Single by The Waterboys

from the album The Waterboys
- B-side: "The Late Train to Heaven"
- Released: March 1983
- Length: 3:41
- Label: Chicken Jazz
- Songwriter: Mike Scott
- Producer: Rupert Hine

The Waterboys singles chronology
|  | "A Girl Called Johnny" (1983) | "December" (1983) |

= A Girl Called Johnny =

"A Girl Called Johnny" is a song by British band the Waterboys, released in 1983 as the lead single from their debut studio album The Waterboys. The song was written by Mike Scott and produced by Rupert Hine. It reached No. 80 in the UK Singles Chart and remained in the Top 100 for three weeks.

==Writing==
"A Girl Called Johnny" was inspired by American singer-songwriter Patti Smith. Scott discovered Smith's musical work and poetry in 1976 and became a big fan, which led to him forming his own fanzine, Jungleland. In 1978, Scott was aware Smith was due to perform with her band at the Rainbow Theatre in London. He knew she always stayed at the Portobello Hotel and, after ringing the hotel, managed to speak to her over the phone. Smith suggested Scott come down from Scotland to see the show and write about it in his fanzine. He travelled down to London by train, and Smith provided him with a concert ticket, covered the expense of his hotel room, and placed him under the care of her guitarist, Lenny Kaye.

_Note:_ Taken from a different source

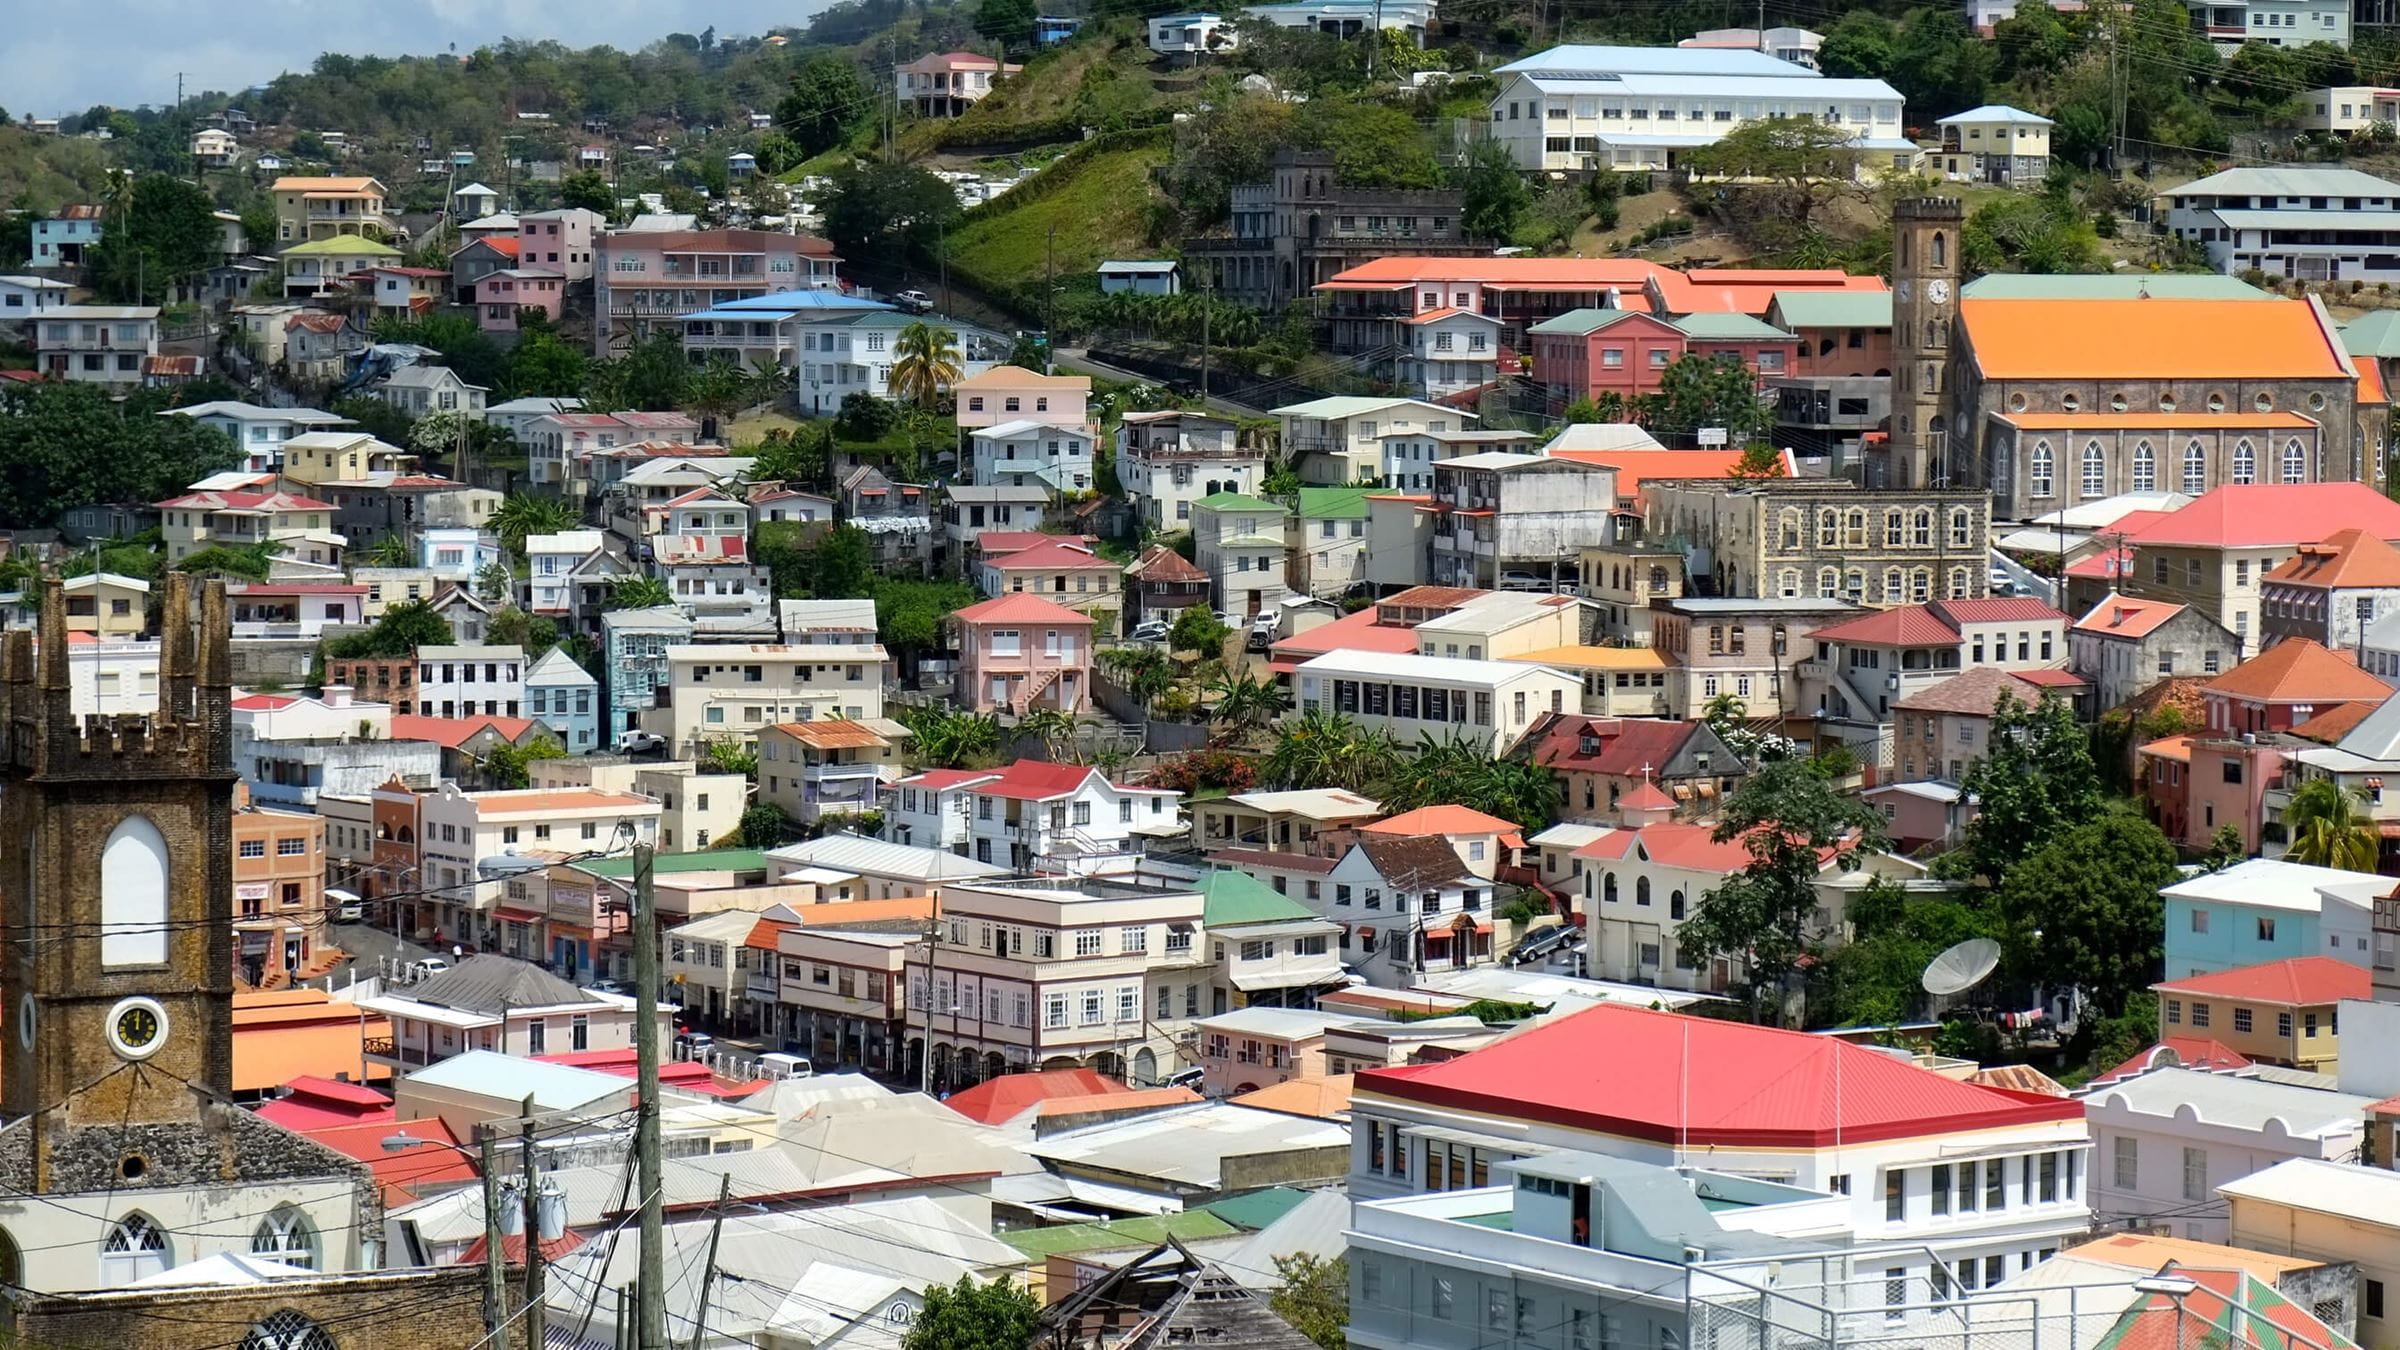 Island community of St Croix

Speaking of the influence of Smith on the song, Scott told Colin Irwin of Melody Maker in 1983, "There is a line about a girl called Johnny in one of her songs called 'Redondo Beach', and I heard a tape and I noticed that Johnny is a hero or heroine on lots of her early songs. So I thought I'd make her Johnny because she vanished a few years ago ... it's a sort of postscript."

==Recording==
"A Girl Called Johnny" was recorded at Farmyard Studios in May 1982. Although most of the early Waterboys' material was produced by Scott, this song was produced by Rupert Hine. Hine gave the song its Motown-inspired backbeat and saxophonist Anthony Thistlethwaite wrote his own sax lines.

==Critical reception==
Following the single's release, Mike Gardner of Record Mirror commented, "This sounds like Madness taken seriously. There's the rolling piano and the wailing sax. It works until leadened lyrics shoot it down in flames. But it has a certain charm." Jim Whiteford of the Kilmarnock Standard described "A Girl Called Johnny" as "a good debut record worth attention". He noted the "same old rasping saxophone sound", but added that the song is made "distinctive" by its "tinkling honky-tonk piano" and Scott's voice. Robbi Millar of Sounds wrote, "Playing this single reveal[s] a level of genuine passionate emotion often missed from today's charts. Rolling in on a nostalgic keyboard base, it's messy and derivative in a what-the-hell manner, shrugging its shoulders and taking no advice."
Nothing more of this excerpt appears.